[PATCH v7 01/31] iov_iter: Add ITER_XARRAY

David Howells dhowells at redhat.com
Sun Apr 25 14:58:02 BST 2021


Al Viro <viro at zeniv.linux.org.uk> wrote:

> > +struct address_space;
> >  struct pipe_inode_info;
> >  
> >  struct kvec {
> 
> What is that chunk for?

Ah, that can go.  It used to be ITER_MAPPING.

> > +		}),
> > +		({
> > +		rem = copy_mc_to_page(v.bv_page, v.bv_offset,
> > +				      (from += v.bv_len) - v.bv_len, v.bv_len);
> > +		if (rem) {
> > +			curr_addr = (unsigned long) from;
> > +			bytes = curr_addr - s_addr - rem;
> > +			rcu_read_unlock();
> > +			return bytes;
> > +		}
> 
> That's broken, same way as kvec and bvec cases are in the same primitive.
> Iterator not advanced on failure halfway through.

Okay.  I just copied what ITER_BVEC does.  Should this be handled in
iterate_and_advance() rather than in the code snippets it takes as parameters?
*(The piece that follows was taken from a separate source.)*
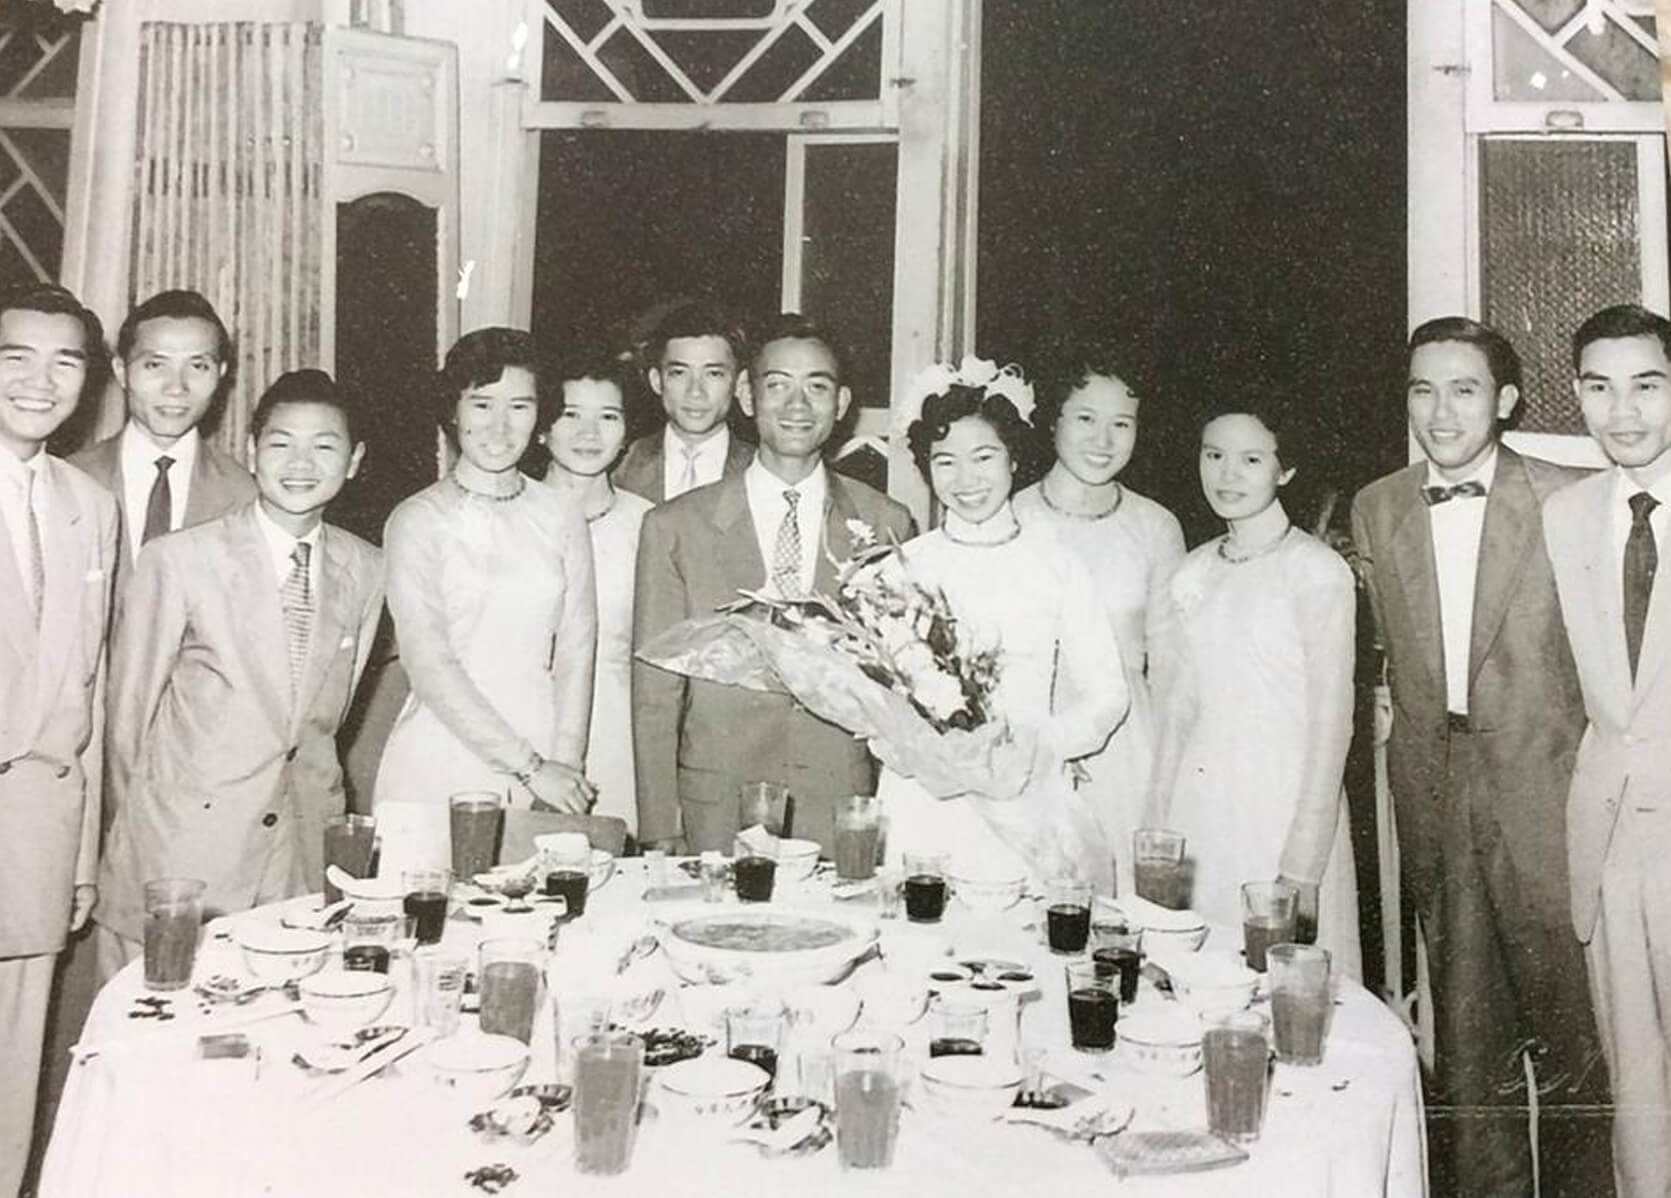 Black and white photo of a Vietnamese wedding party.
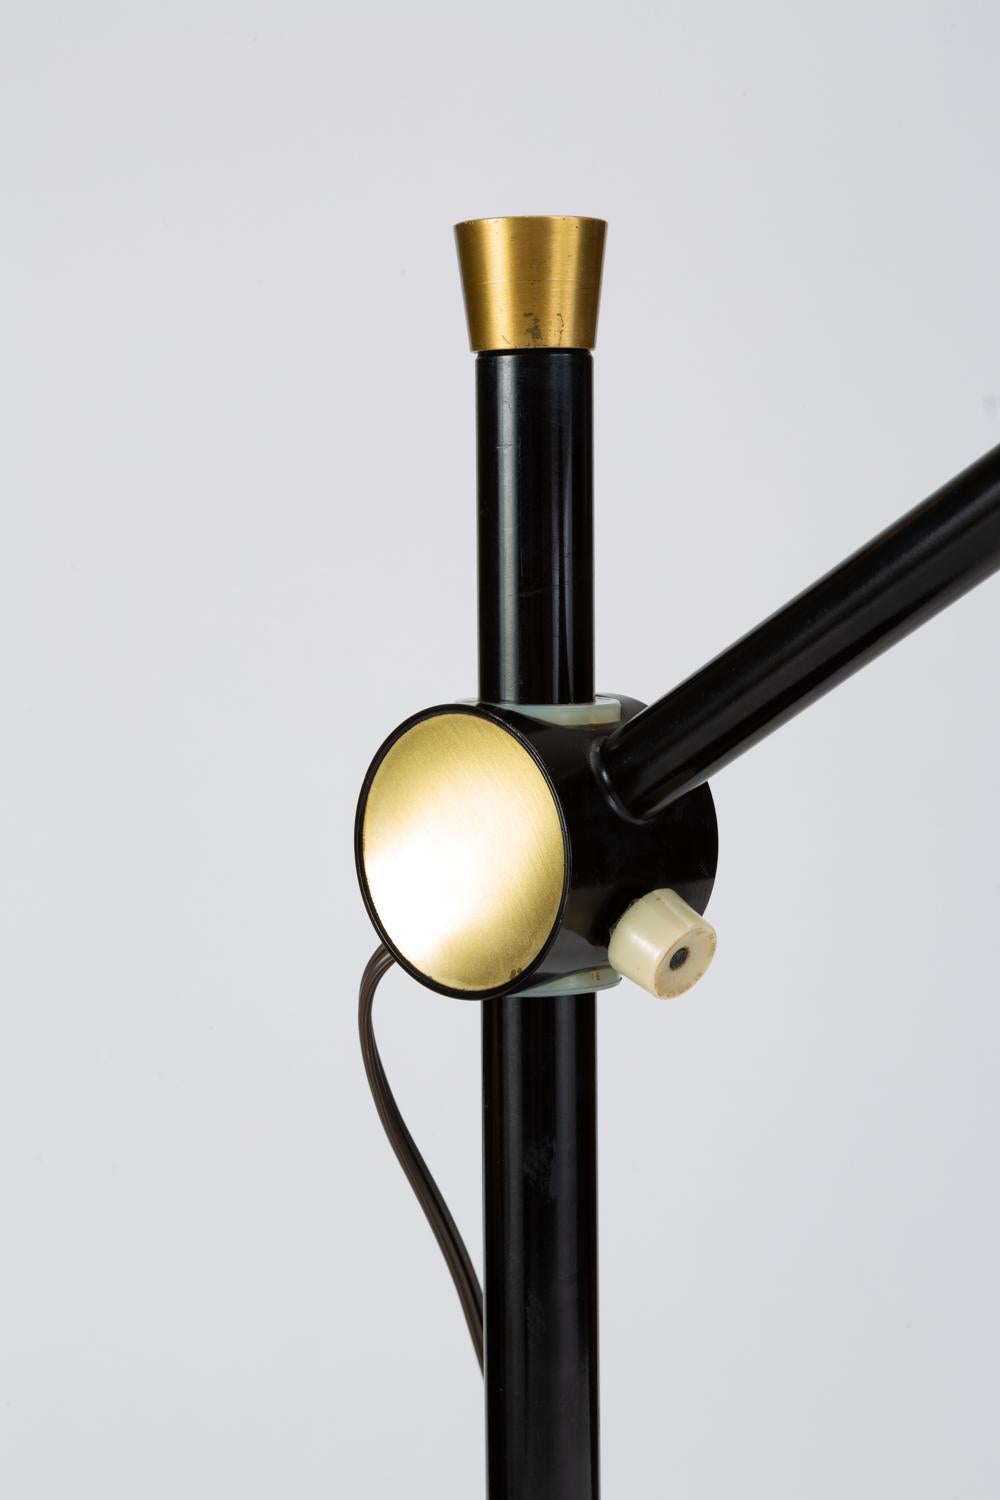 Black-Enameled Desk Lamp with Brass Accents by Dazor 4

But for the moment, I guess I should just add:

	i->iov_offset += bytes;

to all three (kvec, bvec and xarray)?

> > @@ -1246,7 +1349,8 @@ unsigned long iov_iter_alignment(const struct iov_iter *i)
> >  	iterate_all_kinds(i, size, v,
> >  		(res |= (unsigned long)v.iov_base | v.iov_len, 0),
> >  		res |= v.bv_offset | v.bv_len,
> > -		res |= (unsigned long)v.iov_base | v.iov_len
> > +		res |= (unsigned long)v.iov_base | v.iov_len,
> > +		res |= v.bv_offset | v.bv_len
> >  	)
> >  	return res;
> >  }
> 
> Hmm...  That looks like a really bad overkill - do you need anything beyond
> count and iov_offset in that case + perhaps "do we have the very last page"?
> IOW, do you need to iterate anything at all here?  What am I missing here?

Good point.  I wonder, even, if the alignment could just be set to 1.  There's
no kdoc description on the function that says what the result is meant to
represent.

> > @@ -1268,7 +1372,9 @@ unsigned long iov_iter_gap_alignment(const struct iov_iter *i)
> > ...
> Very limited use; it shouldn't be called for anything other than IOV_ITER case.
Should that just be cut down, then?

> > @@ -1849,7 +2111,12 @@ int iov_iter_for_each_range(struct iov_iter *i, size_t bytes,
> > ...
> 
> Would be easier to have that sucker removed first...

I could do that.  I'd rather not do that here since it hasn't sat in
linux-next, but since nothing uses it, but Linus might permit it.